Başkanların kendisini listelerine yazmak istemesi durumunda ne yapacağını sorduğumda ise bunun olmasını istemediğini ancak kongre saatinde bazı şeylerin netleşebileceğini belirtti.
Saadet Partisi tabanını Adana’da en iyi tanıyan gazetecilerden birisi olarak şunu söyleyebilirim ki bu kongre birçok şeyin başlangıcı olabilir.
Es geçilmemesi gereken iki durum var. Birincisi; Çalışkan Ailesi’nin durumu. Rahmetli Süleyman Çalışkan’ın canıyla ve malıyla Milli Görüş'e ömrünün son anına kadar hizmet ettiğini herkes bilir. Bu yüzden Çalışkan ailesinin kimi destekleyeceği önemli.
İkinci önemli husus ise ilçe başkanlarının kimi destekleyeceği.
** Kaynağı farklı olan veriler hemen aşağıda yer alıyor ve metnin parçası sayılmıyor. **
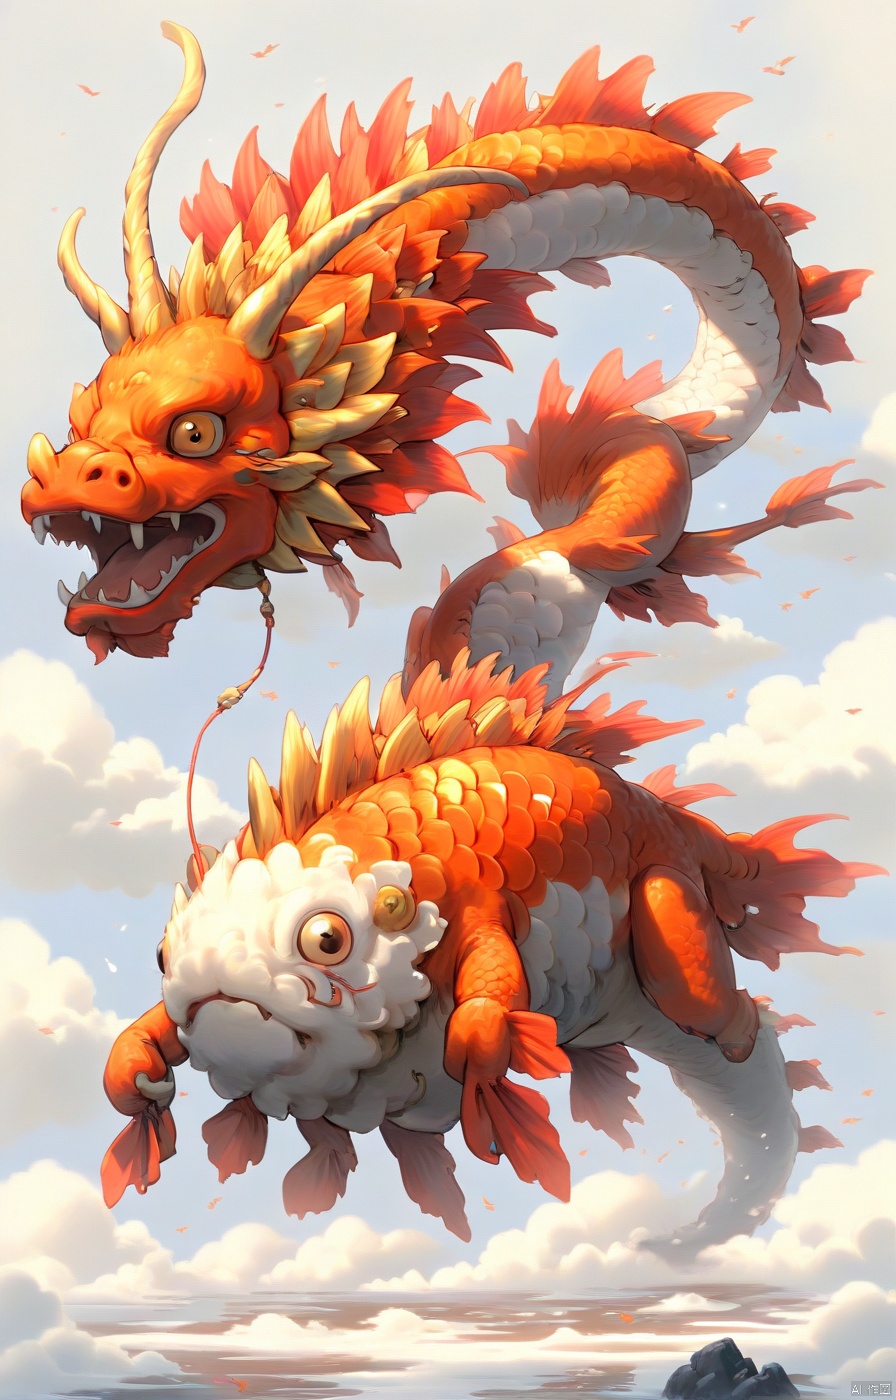  /imagine prompt: Simple background with a clear sky, featuring a single head with two yellow eyes and two horns on top, two pair of legs along with claws, red scales, and a golden body. No human figures present, only an Eastern dragon depicted in a side view, flying upright. The image is artisticallydetailed.::,中国龙, dofas, Arien view, shanhaijing, fnk, KOI, recolor

Açıkçası Musa Ahmet Kaya da Çelebi Keyhıdır da bu konuda iddialı.
Bazı ilçe başkanları bu konudaki tercihlerini açık bir şekilde yazmasa da net bir şekilde belli etti. Saadet Partisi'nde yaşanan değişim/dönüşümün hangi boyuta ulaşacağını kestirmek güç ancak Milli Görüş tarihindeki önemli dönemlerden birisine şahitlik ettiğimiz de malum.
Bugünler bana yaklaşık 20 yıl öncesini, Recep Tayyip Erdoğan ve arkadaşlarının 'Yenilikçiler' adıyla Fazilet Partisi içerisindeki mücadelesinin yaşandığı günleri hatırlattı. Onlar partide değişim istiyordu. Partinin gelenekçi kanadı ise buna gerek olmadığını söylüyordu. Erdoğan ve arkadaşlarının (yenilikçilerin) adayı Abdullah Gül kongrede Necmettin Erbakan’ın (gelenekçilerin) adayı Recai Kutan’a karşı kaybedince Fazilet Partisi’nden ayrılmış ve Ak Parti’yi kurmuşlardı.
Şimdi de tarih (sanki tersten) tekerrür ediyor. Bu kez Genel Merkez değişmek istiyor. Yıllarca Milli Görüş'e hizmet etmiş bir gurup ise adeta; "Biz kendi kozamızda kalacağız" diyerek Genel Merkez'e direniyor.
Değişim isteyenler mi yoksa öze dönüşü savunanlar mı kazanacak bilmiyorum ama Saadet Partisi'nin diğer illerdeki seçimlerine de emsal olacak bir kongre yaşanacak bugün. Genel Merkez'in adayı Ahmet Musa Kaya kazanırsa diğer iller de Genel Merkez’in adaylarına sahip çıkacak Çelebi Keyhıdır kazanırsa birçok ildeki gelenekçilere ümit ışığı olacak ve illerde, ilçelerde iki belki üç listeli kongreler yaşanacak.
Saadet Partisi’nin geleceğini Adana İl Kongresi belirleyecek yazmak yanlış olmaz sanırım.
Pekiyi 2018 yılındaki son genel seçimlerde yüzde 1,3 oy alan 2019’daki son yerel seçimlerde Adana’da 1,9 oy alan Saadet Partisi'nin Adana İl Kongresi neden bu kadar önemli?
Başta da yazdım ya; Saadet Partisi oy oranı bakımından beklenen düzeyin altında ama özgül ağırlığı çok yüksek bir parti. Şu da bir gerçek ki Ak Parti iktidardan düşse bile Türkiye’yi yine muhafazakâr bir ismin liderliğindeki kadrolar yönetecek. Bu kadrolar belki de yine Saadet Partisi'nden çıkar. Olmaz mı?